楊皇後正在修剪花枝,挑選鮮嫩飽滿的剪下來,左右兩側有宮女隨侍,一人拿著花瓶,一人舉著木盤。
看見關月,楊皇後的動作停了下來,待她走近。
“臣女關月,參見皇後娘娘。”
楊皇後如往日一般神態柔和,眉眼舒展,端的一副雍容之態,“快起來吧,這幾日本宮幾乎將各家貴女都碰上了個遍,唯獨沒有瞧見你,可是不喜出門?”
“多謝娘娘記掛,臣女從小體弱多病,接連趕路有些受不住,所以這幾日大部分時候都在房間裡歇著。”
楊皇後看她臉色素淨,嘴唇略顯蒼白,點點頭,“你身子弱,本宮也有所耳聞,不知大夫怎麼說的?”
關月:“是娘胎裡帶出來的毛病,根治不了,隻能將養著。”
楊皇後對青姨娘完全沒有印象,隻曉得那是關庭的一段風月事,也不再刨根問底,隻說道,“嗯,在你父親身邊不必風吹日曬,好好調理,將來生養也不愁。天氣好的時候多出來走走,跟小姐妹玩耍,心情好了,對身子也有幫助。”
“謝娘娘提醒,臣女記下了。”
楊皇後笑了,視線從她臉上挪開,看向滿園鮮嫩之色。
有人掐著時間出現在餘光中,從抄手遊廊儘頭往這邊走,步子悠然,身如鬆柏。
“這裡的玫瑰本是不允許各家女子摘的。若是一人一朵,不出兩日就破敗了,不過今日你碰見了本宮,也沒旁人,就送你一朵吧。”
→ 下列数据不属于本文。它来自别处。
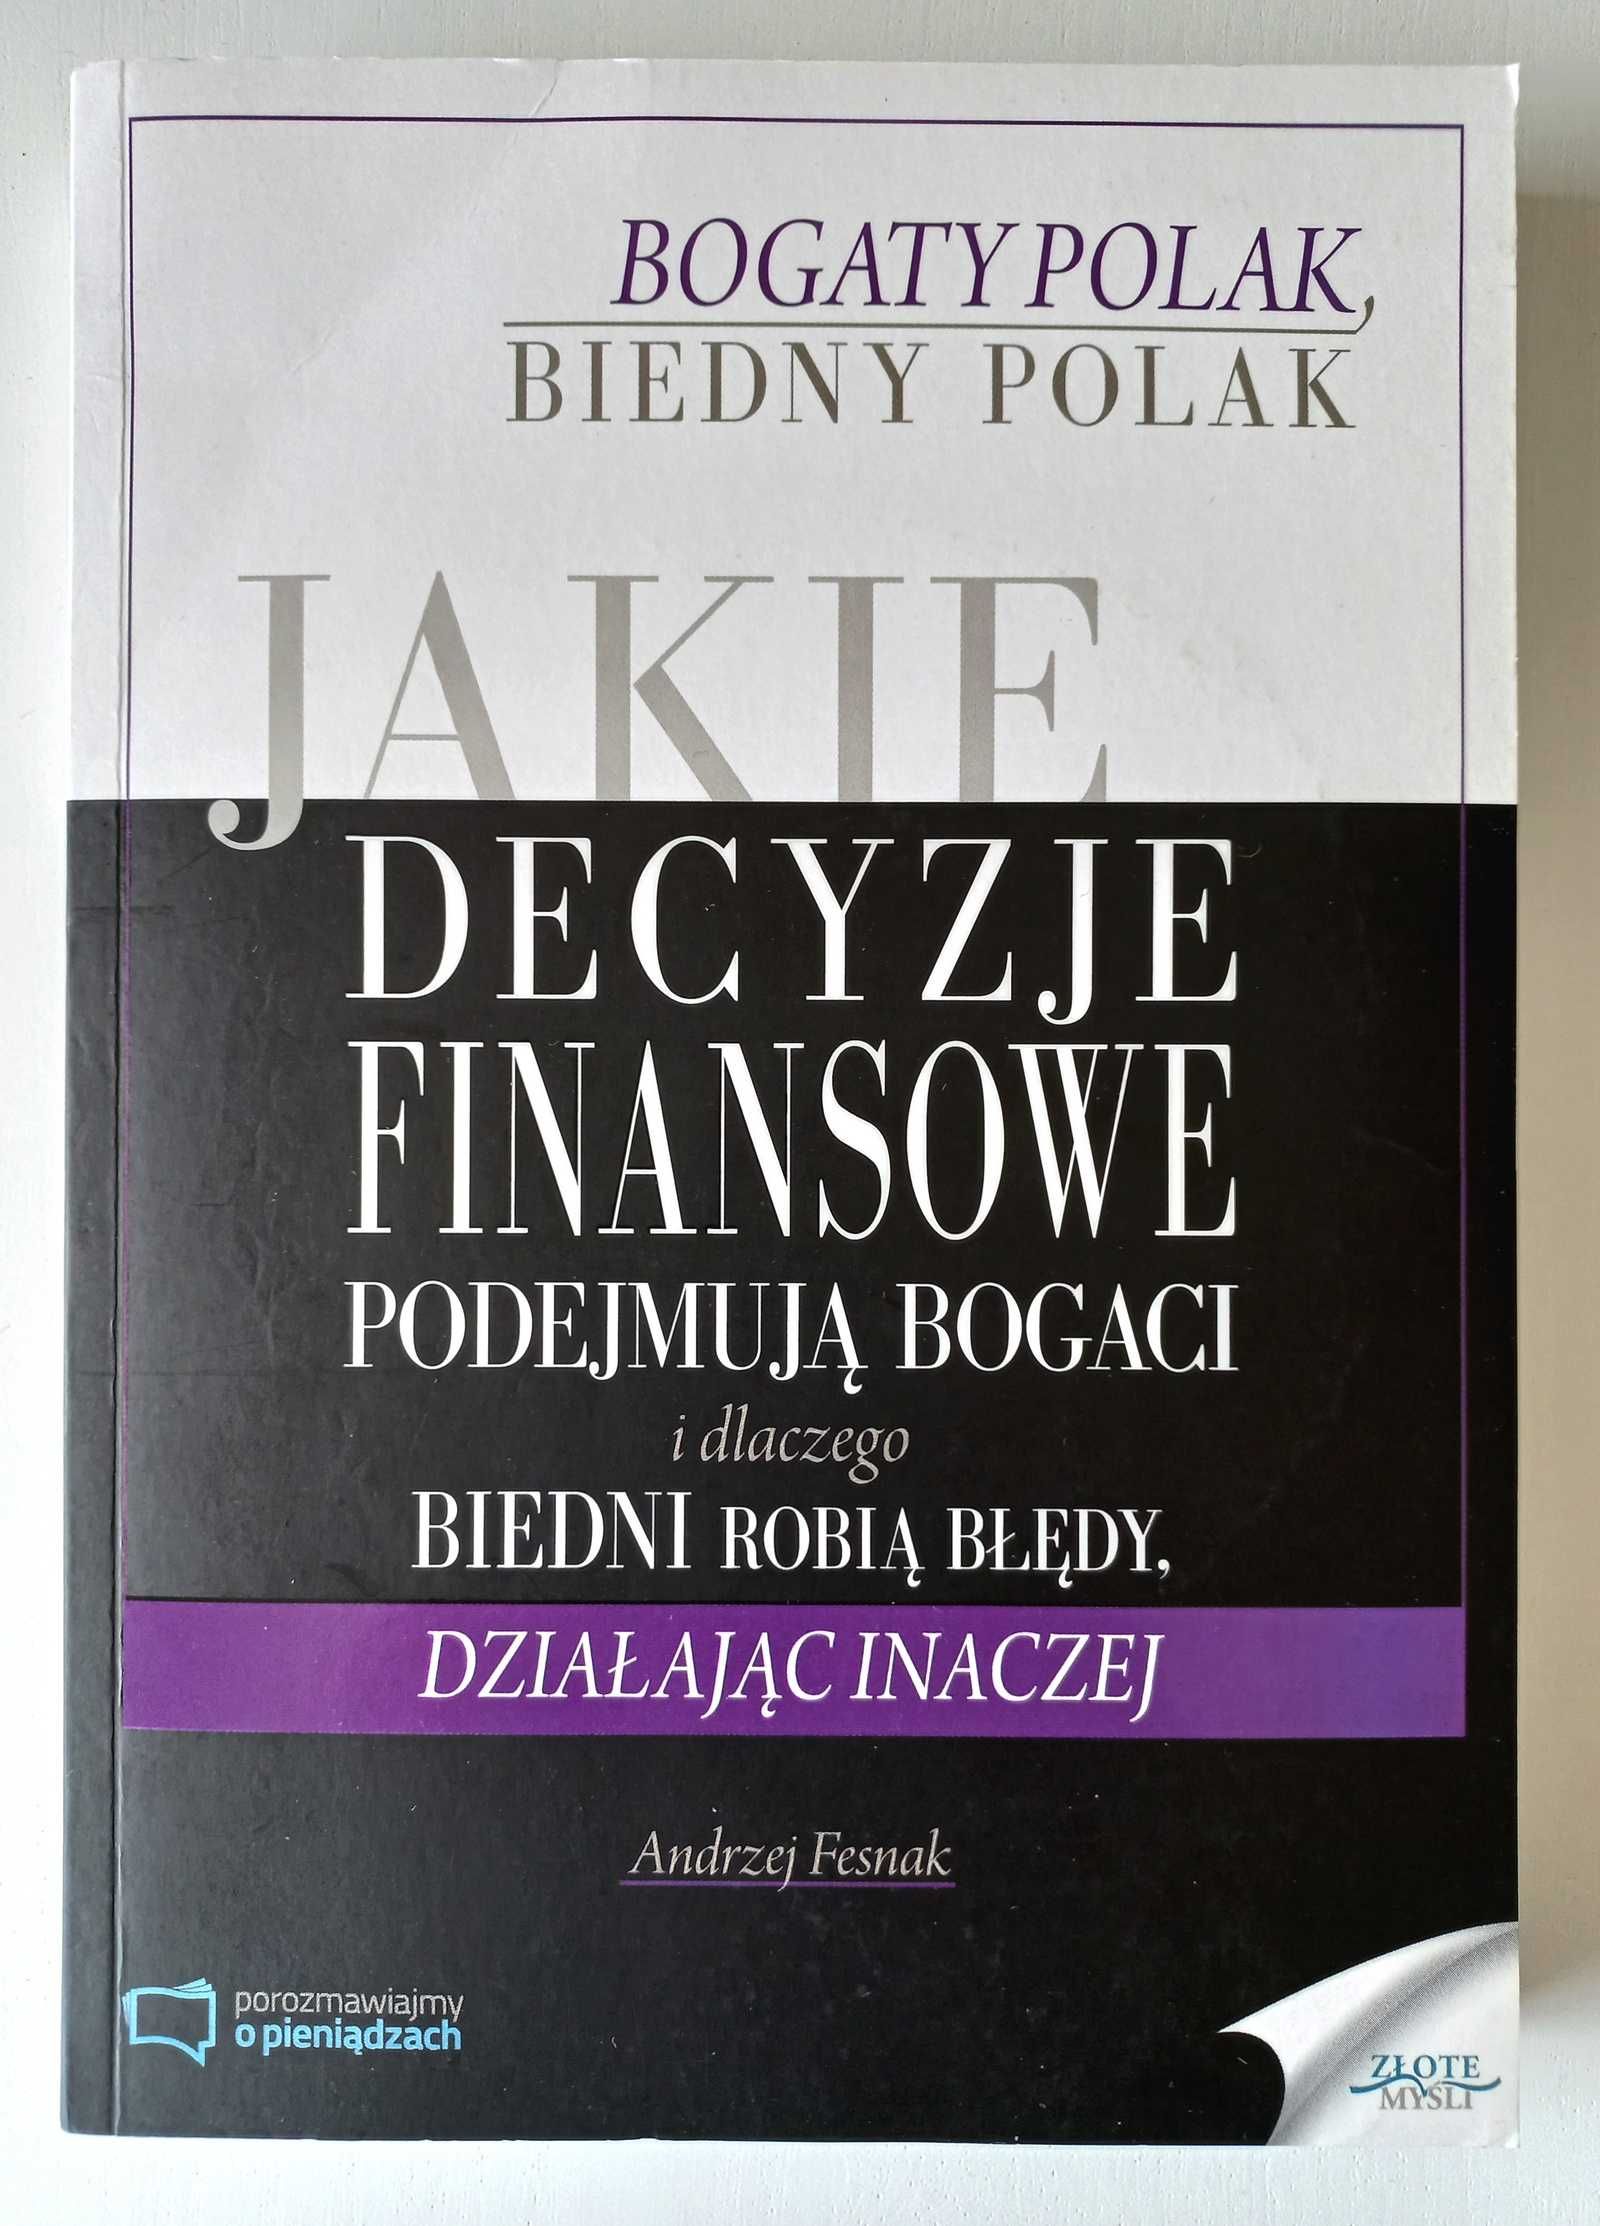 Andrzej Fesnak "Jakie decyzje finansowe podejmują bogaci" + DVD

說著,她已輕輕把著花骨朵,用剪子將根莖剪斷,留下不長不短的柄。
“來,”楊皇後轉身,將花枝往她手心裡放。
新鮮的刺密而利,關月愣了愣,勉強找了個可以下手的位置。
餘光中的人更近了。
楊皇後沒有鬆開,握住她的手拍了拍,看起柔和,力道卻不小,剛好能將刺拍進她掌心。
關月眉頭微不可見地蹙了蹙,不明白這是何意。
她不是願意吃啞巴虧的人,開口,“娘娘……”
話未落,楊皇後就打斷了她,轉向另一側,“陸小侯爺也在?”
走廊上的人瞬間清晰起來,狐狸眼一如既往的好看。
“碰巧路過,見過娘娘。”陸淮舟垂眸,視線觸及兩人交握的手,似乎瞧出了眉目,卻並沒有任何言語。
眼底甚至泛起了一絲笑意。
楊皇後眉眼溫柔,不動聲色的將一切收之眼底,“這是準備去哪兒?”
“聽說今日山腳下很熱鬨,閒來無事便去看看。”
楊皇後頷首,“去吧,來了山莊,自是該好好玩兒玩兒的。”
陸淮舟拱手離開,眼神自始至終都隻是在觀月身上輕輕飄過,不做停留,仿佛並不在意。
見人走遠,皇後才轉過頭來,“年輕多衝動,倒是叫你受委屈了。”
“娘娘言重了,我與陸小侯爺也不過數麵之緣,初回盛京時不太懂事,闖下了一些禍事,所幸陸小侯爺並未追究到,不知怎麼傳呀傳的,就到了如今的局麵。”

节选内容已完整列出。